Algerian Ligue 2
- Season: 2024–25
- Dates: 20 September 2024 – 17 May 2025
- Promoted: ES Ben Aknoun MB Rouissat
- Relegated: IRB Ouargla MCB Oued Sly Olympique Magrane SC Mécheria SKAF Khemis Miliana US Souf
- Matches: 480

= 2024–25 Algerian Ligue 2 =

The 2024–25 Algerian Ligue 2 was the 61st season of the Algerian Ligue 2 since its establishment.
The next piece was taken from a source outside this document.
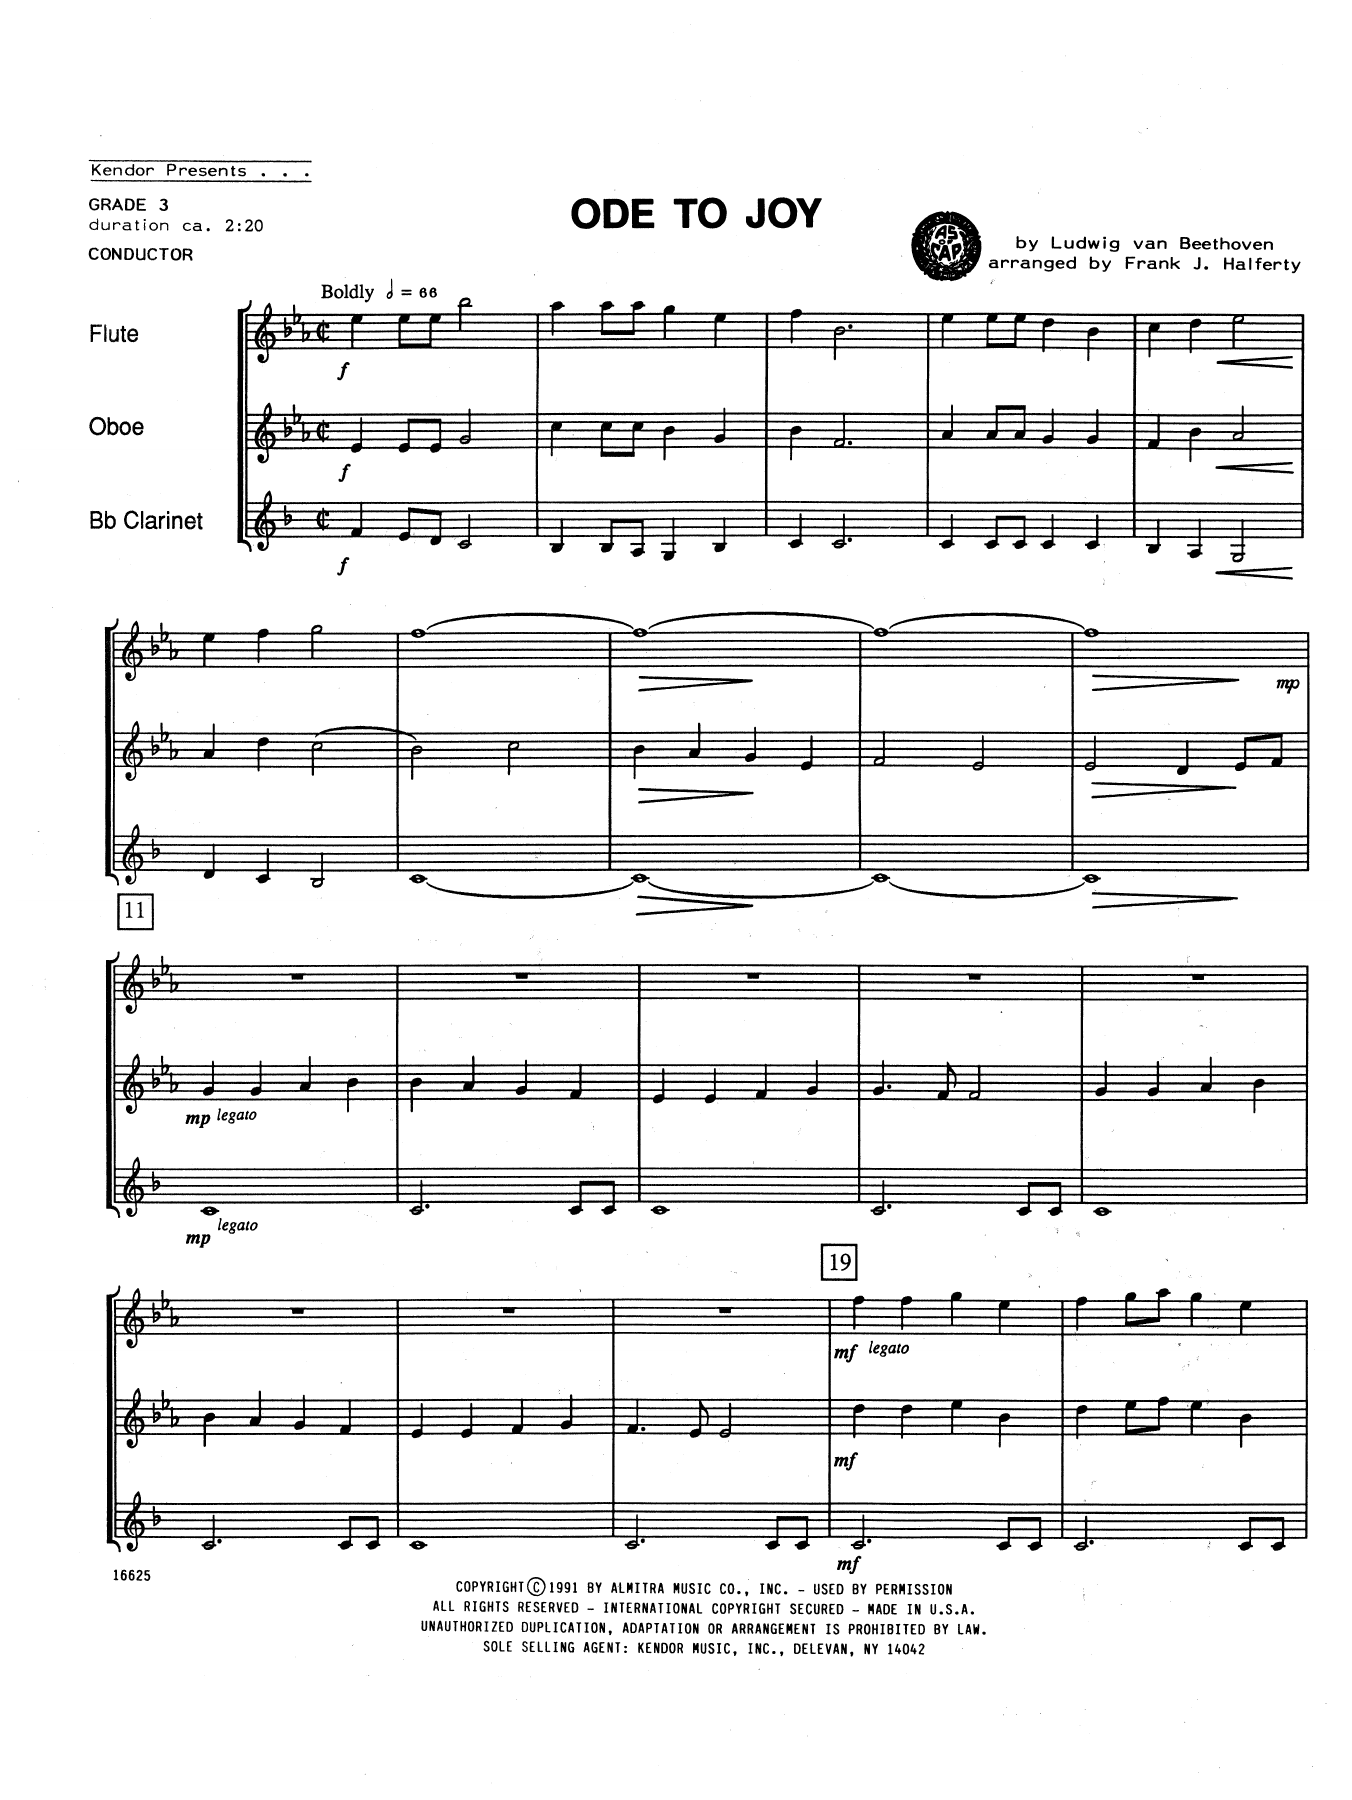 Frank J. Halferty Ode To Joy - Full Score sheet music notes and chords. Download Printable PDF.
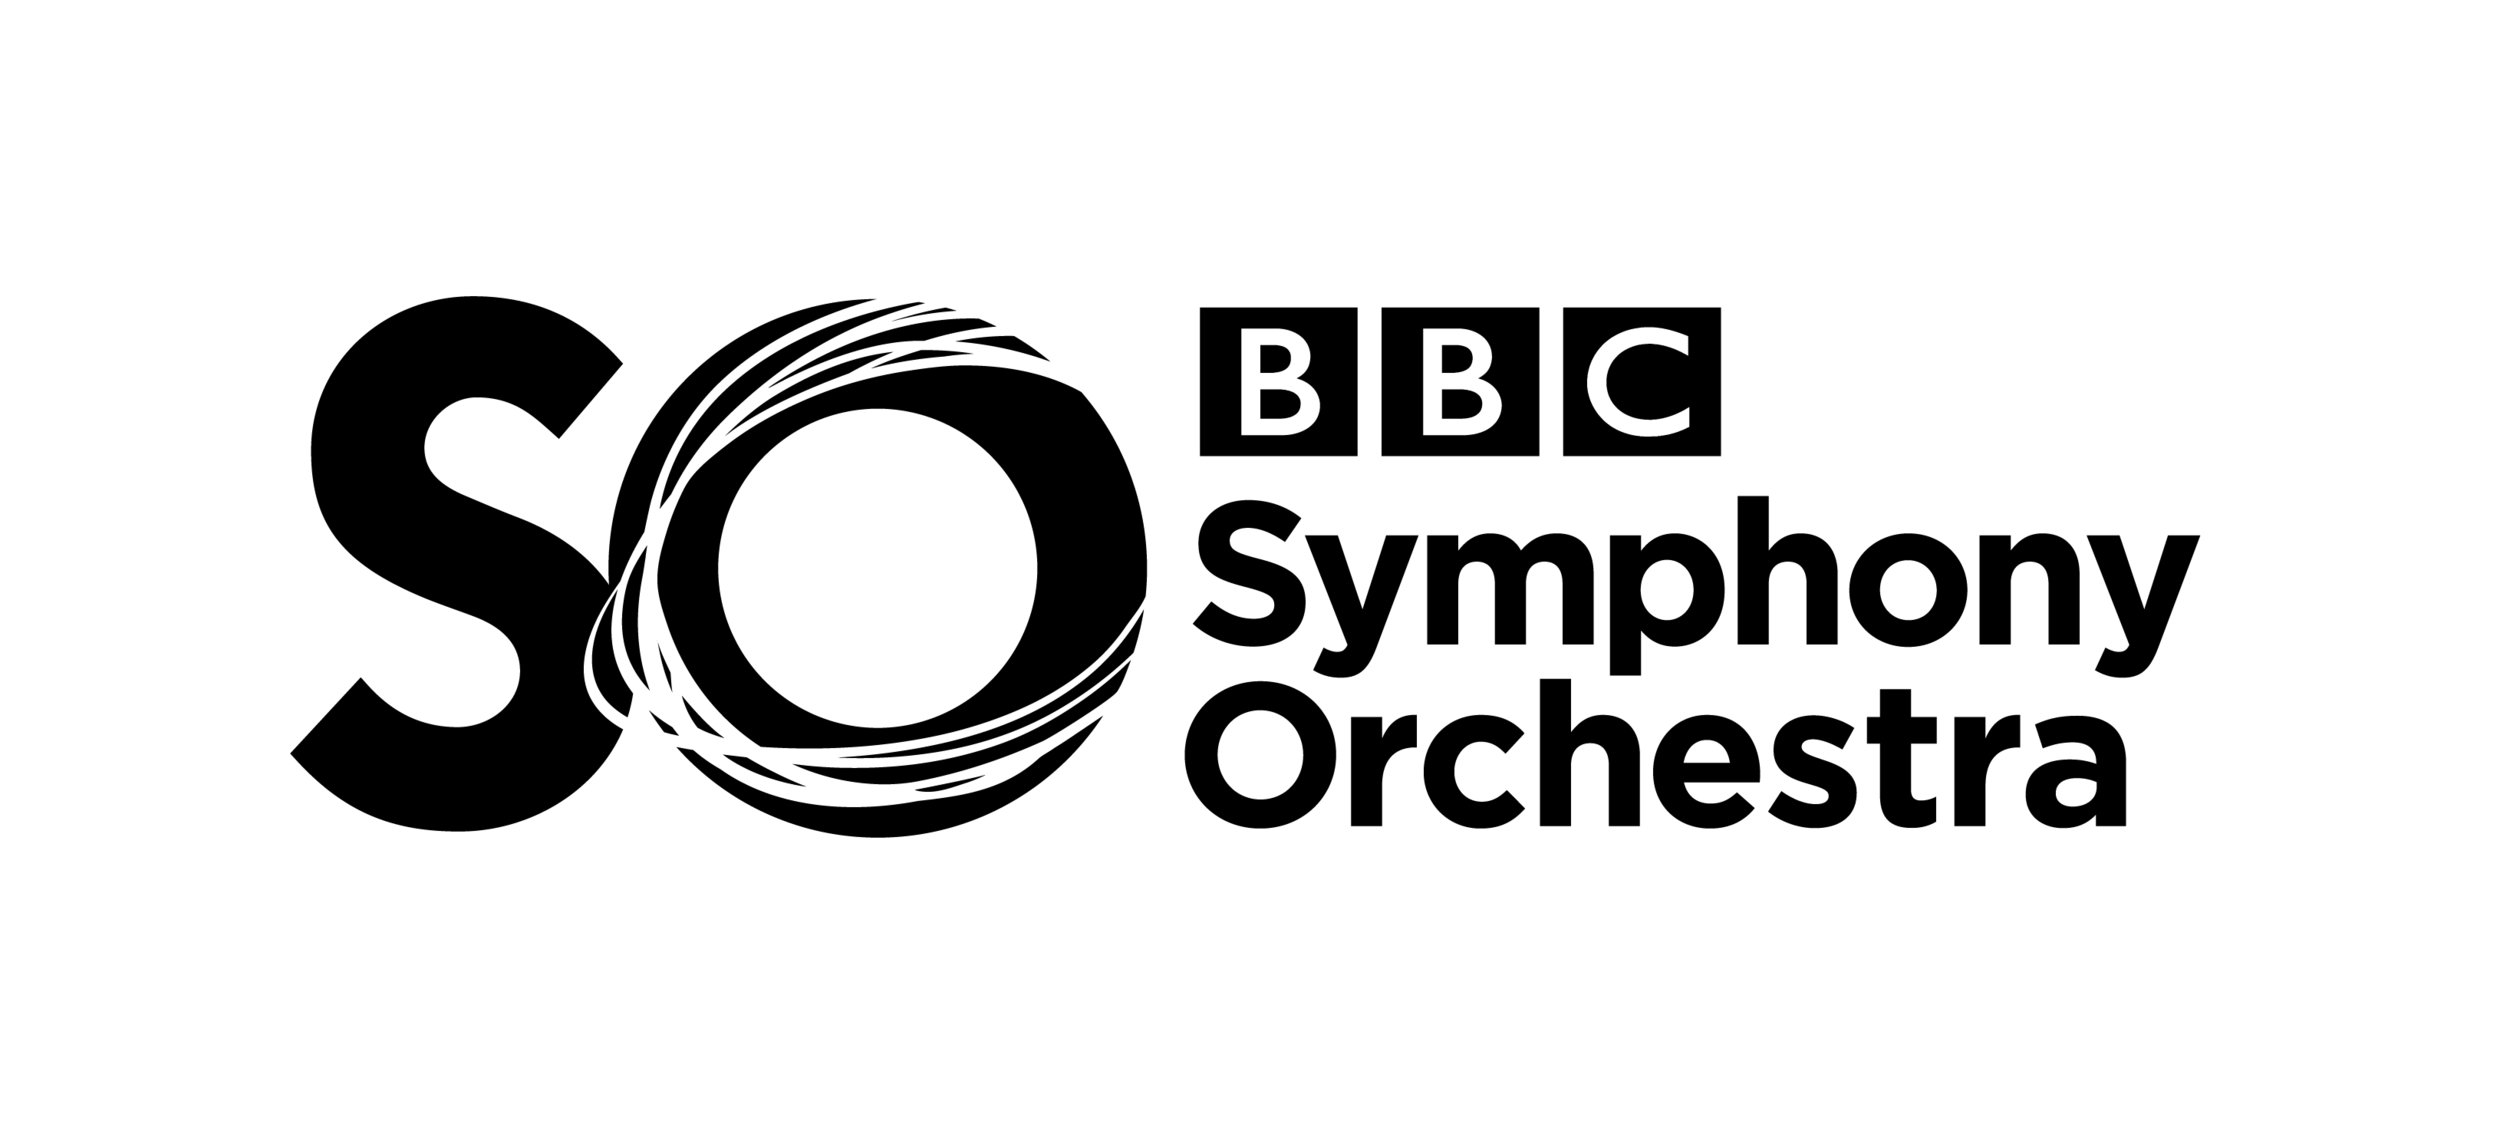 BBC Symphony Orchestra 1.jpg

The competition was organized by the Ligue Nationale du Football Amateur and consisted of two groups of 16. At the end of the last day of Ligue 2, the 3 clubs ranked last in each group are relegated to the Inter Régions. The start of the 2024–25 season of the Ligue 2 was àn Friday, September 20, as announced by Ligue Nationale du Football Amateur in a press release published on the official website.

==Teams==
US Souf and ES Ben Aknoun were relegated from Algerian Ligue Professionnelle 1. MC Saïda, JS El Biar, US Béchar Djedid, US Chaouia, MB Rouissat and JS Djijel were promoted from the Inter-Régions Division.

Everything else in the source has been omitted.